Breadth NoticeLast Thursday one portfolio manager commented he didn't see any reason for the 32.31 point decline in the S&P 500 Index. Perhaps he had not recently looked at the Advance-Decline Summation Index chart, one of the tools used to measure market breadth. In addition, the Stock Trader's Almanac reports September is the worst month of the year. Further, the week after September futures and options expiration is statistically the worst week of the year. While there may have been no in specific fundamental news, perhaps an answer can be found in the technical indicators.

In our market review, we explore the current market breadth including charts along with some thoughts about hedging.

 

Review Notes Clip ArtS&P 500 Index (SPX) 1982.85 last week we noted the Friday key reversal after making new highs so last Monday's decline was expected however, Thursday's 32.31-point drop to close below support at 1980 was unexpected. For reference, the upward sloping trendline from the November 16, 2012 low defining the intermediate term trend now crosses at 1946.48, about 1.8% lower. If the decline should continue, we expect to see support at this level.

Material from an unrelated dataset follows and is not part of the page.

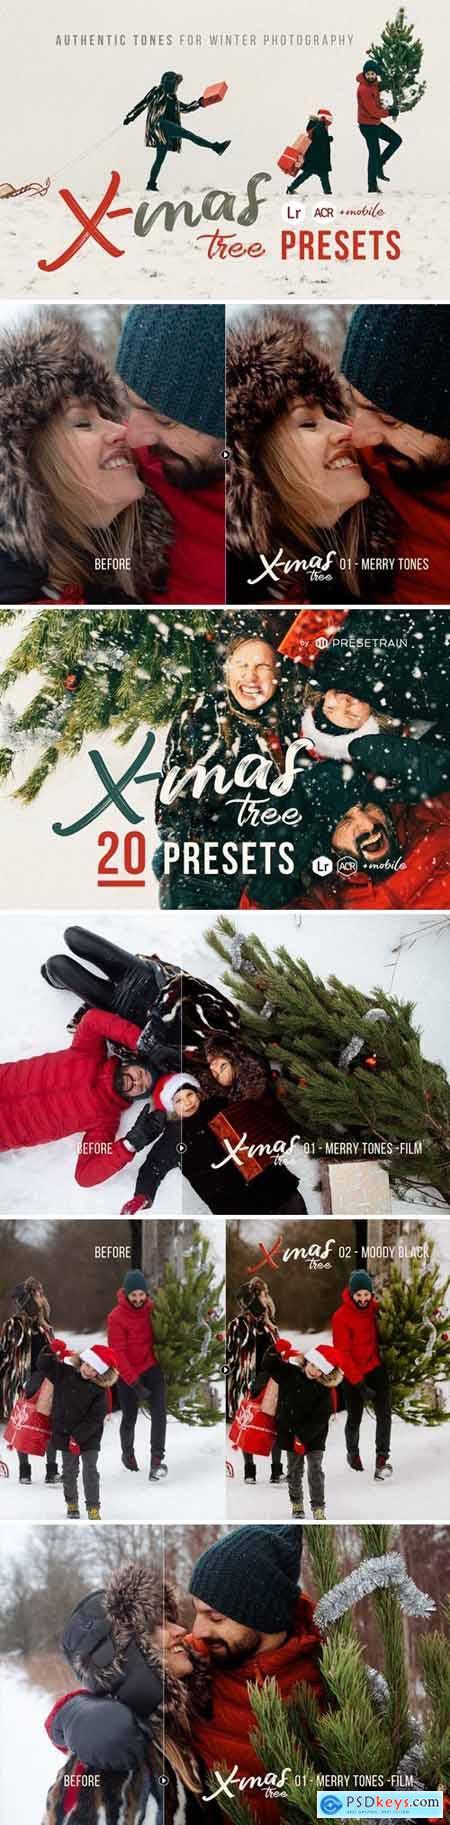 Christmas Tree - 20 Winter Presets 4457878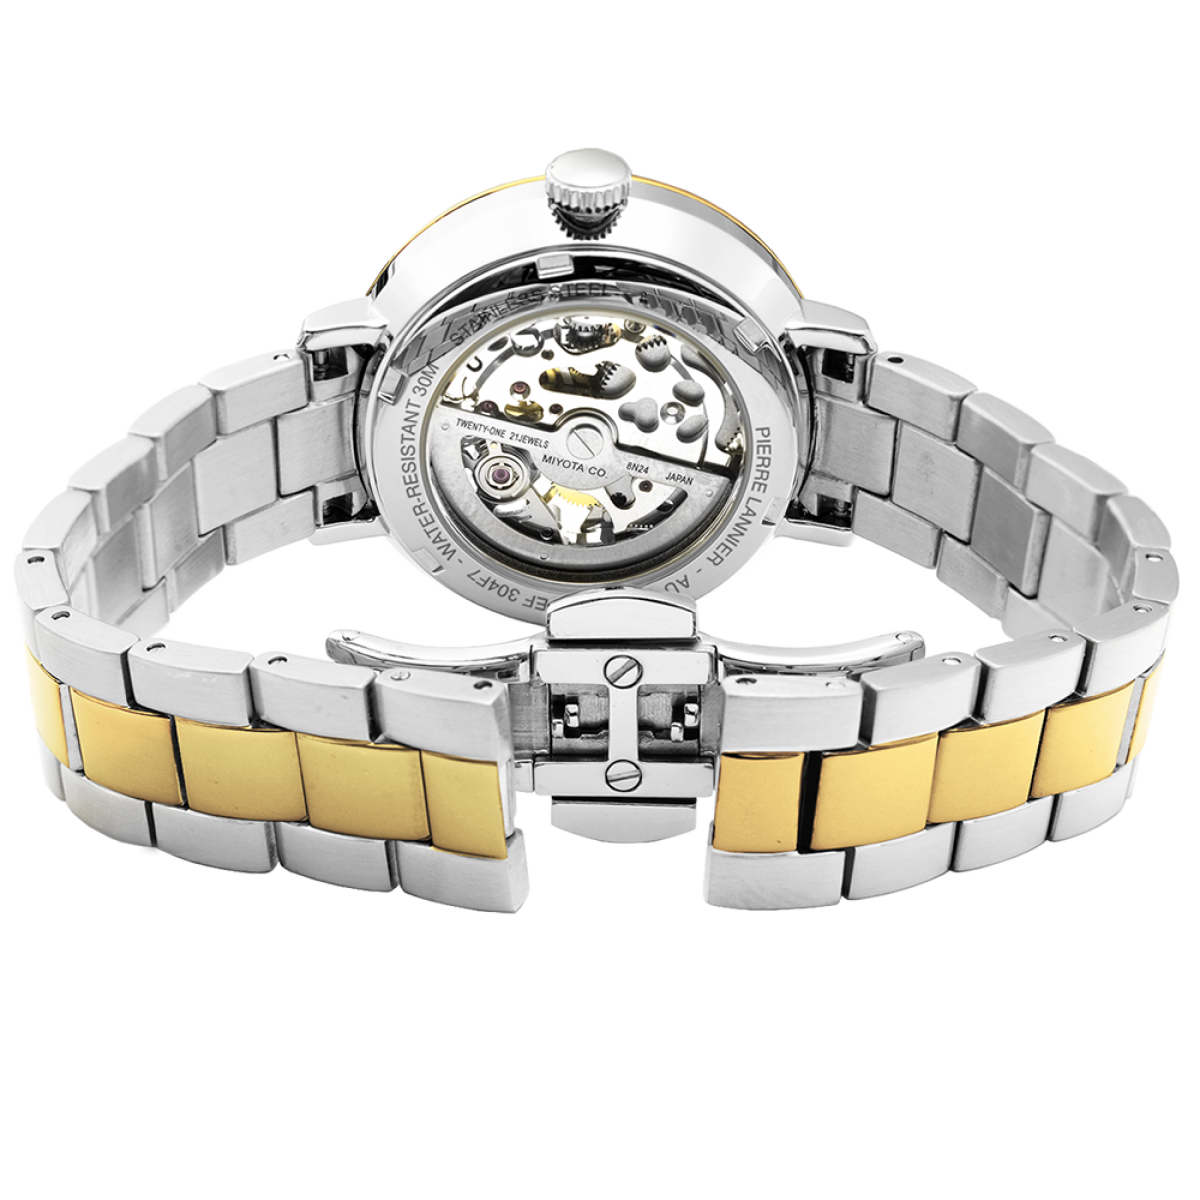 Женские часы Pierre Lannier AUTOMATIC 304f721

iShares Russell 2000 (IWM) 111.12 remaining relative weak and diverging from the big capitalization indexes it continues to reflect deteriorating market breadth despite dollar strength that favors domestic small capitalization stocks. Since an unlikely potential double top continues as the operative technical pattern, activated on a close down near 108 just over 3 points lower, stay focused on IWM.

Powershares QQQ (QQQ) 98.78 since breaking out above the July 24 high at 97.51 it remains the relative strength leader. The bullish interpretation says it successfully retested the breakout above 97.50 and will now resume trending higher. The operative short- term uptrend from the April 15 low at 83.28 now crosses at 98.82 so a further decline will challenge the bullish view suggesting it will accelerate lower to close the relative strength gap with the S&P 500 Index.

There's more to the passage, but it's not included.